L'Echo touristique : Comment est née l’idée du Forum A World for Travel ? Frédéric Vanhoutte : Le constat d’une évidence : le tourisme doit se transformer. Au sein d’Eventiz Media Group*, nous sommes sensibles à l’environnement et aux questions de tourisme responsable. D’ailleurs, nous l’avions exprimé lors de l’édition 2019 des Travel d’Or, avec un logo symboliquement vert, et des discours, notamment de Frédéric Mazzella (Blablacar, NDLR), tournés vers un tourisme plus respectueux de la planète et des peuples. A travers les articles des médias du groupe, nous abordons souvent tous ces sujets, liés notamment au surtourisme. Le constat est le suivant : à Barcelone, Dubrovnik ou encore Venise, les populations locales deviennent les acteurs influents du développement ou non du tourisme, de façon plus ou moins agressive. Les bateaux de croisières sont décriés dans certains journaux télévisés, il y a la « honte de prendre l’avion » née en Suède, et désormais l’environnement, l’alimentation, l’air sont infectés. La maire d’Amsterdam a annoncé stopper d’investir dans des campagnes marketing sur les marchés accessibles uniquement par avion.
Je ne veux pas que Greta décide de l’avenir de notre industrie.
On ne peut pas détourner le regard de ces constats. Les populations ne l’acceptent plus, les élus non plus. Les jeunes générations nous poussent dans nos retranchements, dans la mouvance de la militante Greta Thunberg. Mais, je ne veux pas que Greta décide de l’avenir de notre industrie. Nous, les professionnels, ne pouvons pas rester simples spectateurs et témoins. Nous devons être acteurs d’une transformation du tourisme. Donc, c’est aux professionnels de se prendre en main ? Frédéric Vanhoutte : Oui, les professionnels doivent être force de proposition. Nous n’allons pas arrêter de voyager. Depuis la nuit des temps, nous sommes curieux, nous voyageons, et nous continuerons, mais différemment. Il faudrait même instaurer un véritable « droit au voyage ». Nous devons montrer de nouveaux chemins, plus vertueux, pour la transformation du secteur.

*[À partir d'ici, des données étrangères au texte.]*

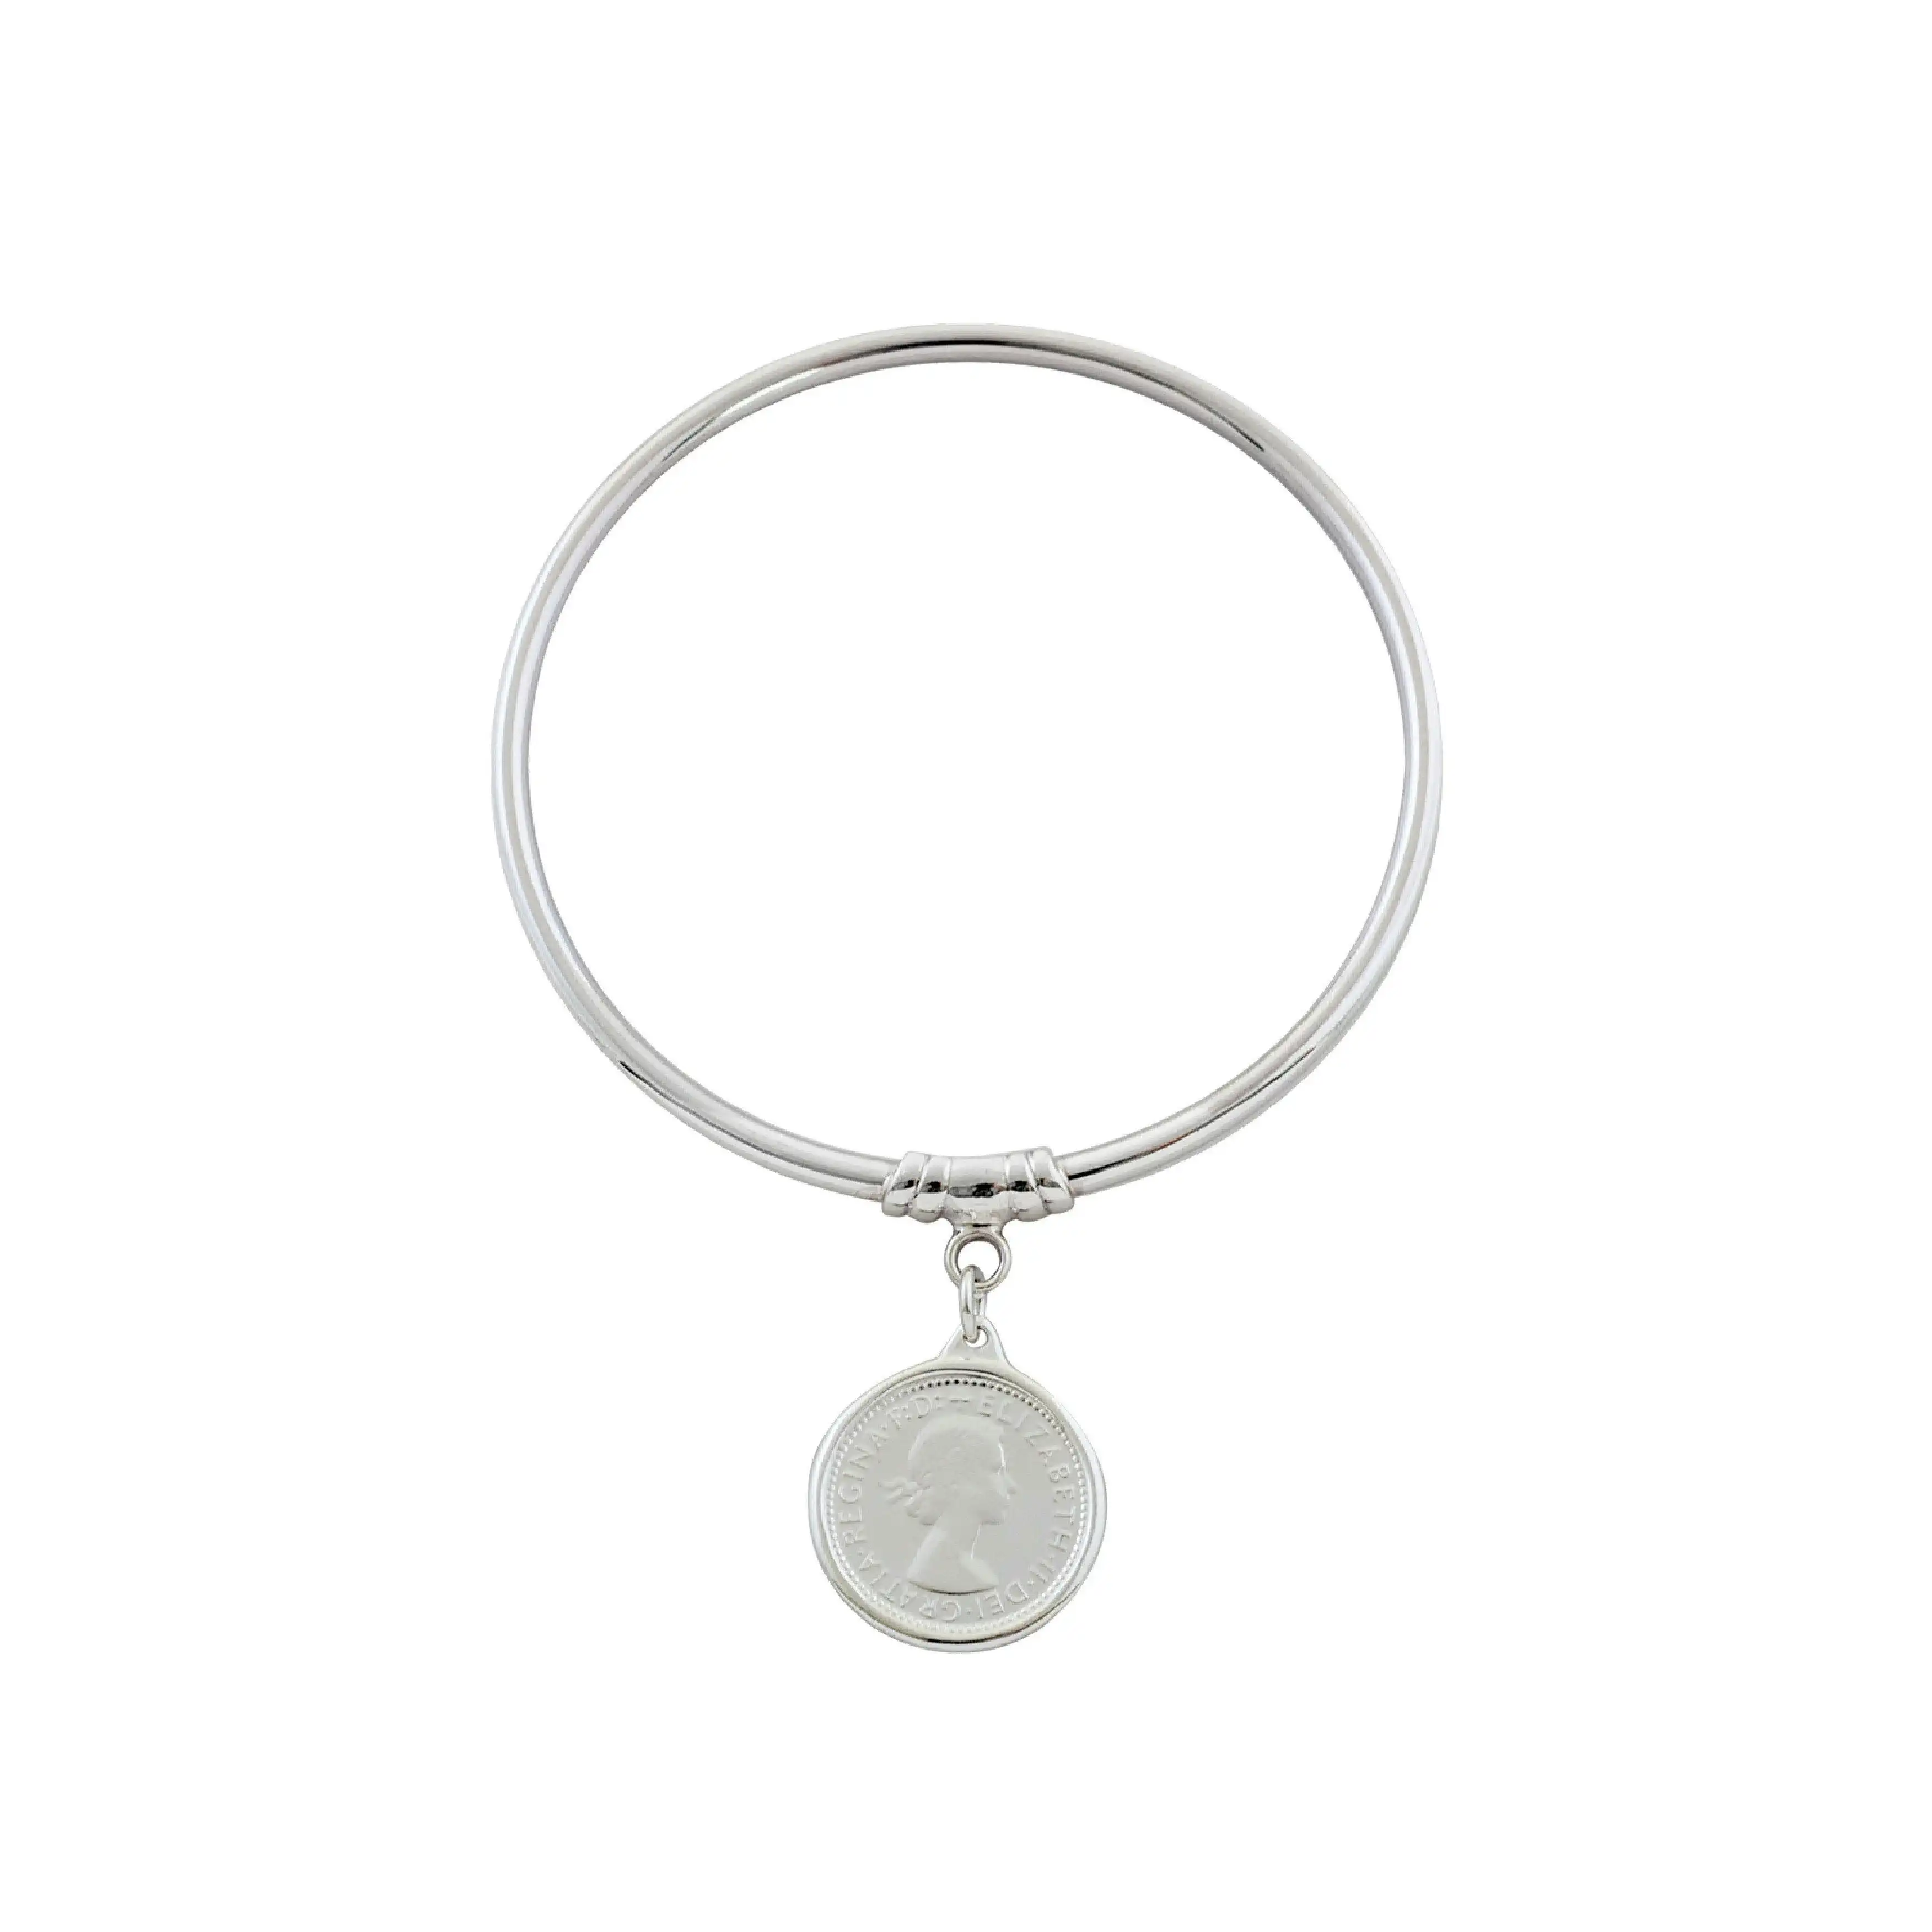 Von Treskow Sterling Silver 3mm Bangle with 6 Pence Coin (QUEEN)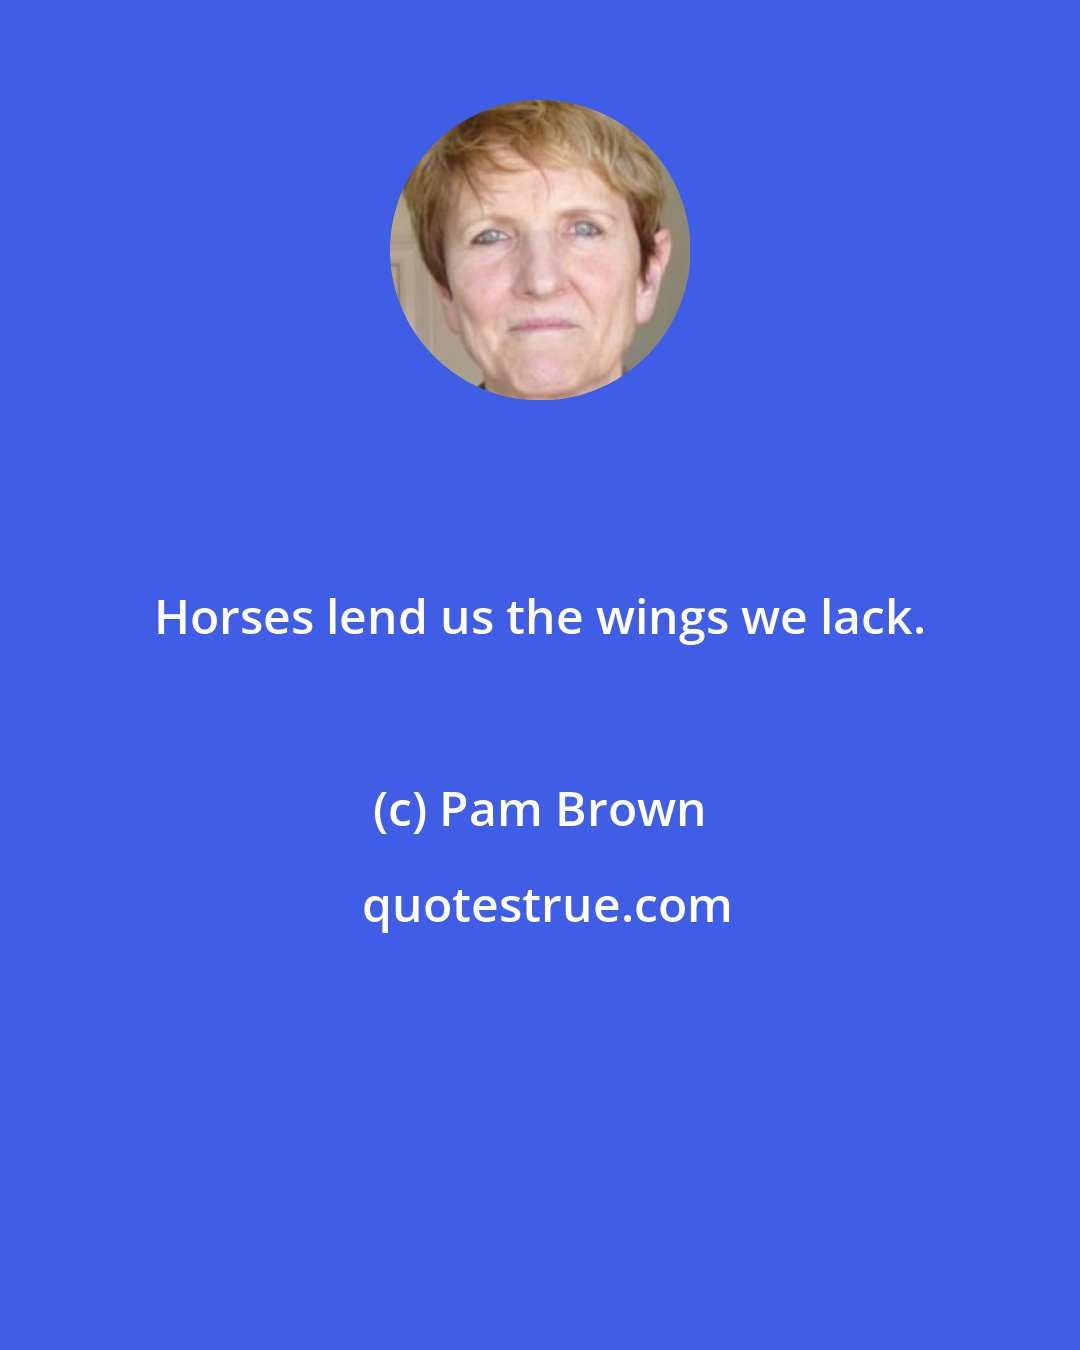 Pam Brown: Horses lend us the wings we lack.

Evora, dans l'Alentejo © Adobe Stock Pourquoi avoir choisi la ville d’Evora, au Portugal ? Frédéric Vanhoutte : L’événement devait se dérouler en Europe, qui représente environ la moitié du 1,5 milliard de touristes internationaux en 2019. Pourquoi le Portugal plutôt qu’un autre pays ? D’abord, ce sont des rencontres avec des personnalités d’exception : Ana Mendes Godinho, alors qu’elle était secrétaire d'Etat au Tourisme du Portugal, puis Luis Araujo, président du tourisme Portugal, Rita Marques, l’actuelle secrétaire d'Etat et enfin Jean Pierre Pinheiro. Je leur ai proposé, d’accueillir le Forum. Ils ont accepté. Le Portugal est d’autant plus légitime qu’il a montré sa capacité d’adaptation à travers le temps, son sens de l’innovation sur les produits dans les territoires notamment. La destination avait saisi des opportunités quand le Printemps arabe a détourné les voyageurs de pays méditerranéens. Et malgré le retour en force de ces destinations historiques des Français, le Portugal a maintenu ses performances. L’équipe réunie autour de la secrétaire d’Etat au tourisme Rita Marques s’inscrit dans la même veine, comme en témoigne la création du label Clean & Safe. La destination est agile et innovante. Elle montre le chemin. Quelle est l’ambition du Forum A World for Travel ? Frédéric Vanhoutte : Initialement, nous avions pour ambition de créer un Davos du tourisme, très tourné vers l’économie, l’environnement, le surtourisme. Avec la crise du Covid-19, l’événement prend une nouvelle dimension. Pour moi, ce ne sera pas un Forum de l’économie du tourisme, mais un Forum de la transformation du tourisme. Nous ne devons ni faire du bashing, ni de l’auto-promotion défensive. Nous devons adapter le secteur aux défis sanitaires, aux nouveaux comportements des consommateurs, aux nouveaux modes de transport, à de nouvelles relations sociales. Pour cela, il faut créer des ponts entre les institutionnels, les marchands et les représentants des populations locales, en écoutant les experts. Dans tous les pays d’Europe et d’ailleurs, nous invitons les institutionnels, les marchands, les populations, les sociologues, les ONG, les scientifiques, les start-up, les étudiants, à phosphorer tous ensemble à Evora. Nous avons déjà l’accord de plusieurs ministres du tourisme, président de région, maire de capitales, mais aussi de médias internationaux, d’associations internationales, et d’institutions. L’enjeu mérite leur implication et je les en remercie.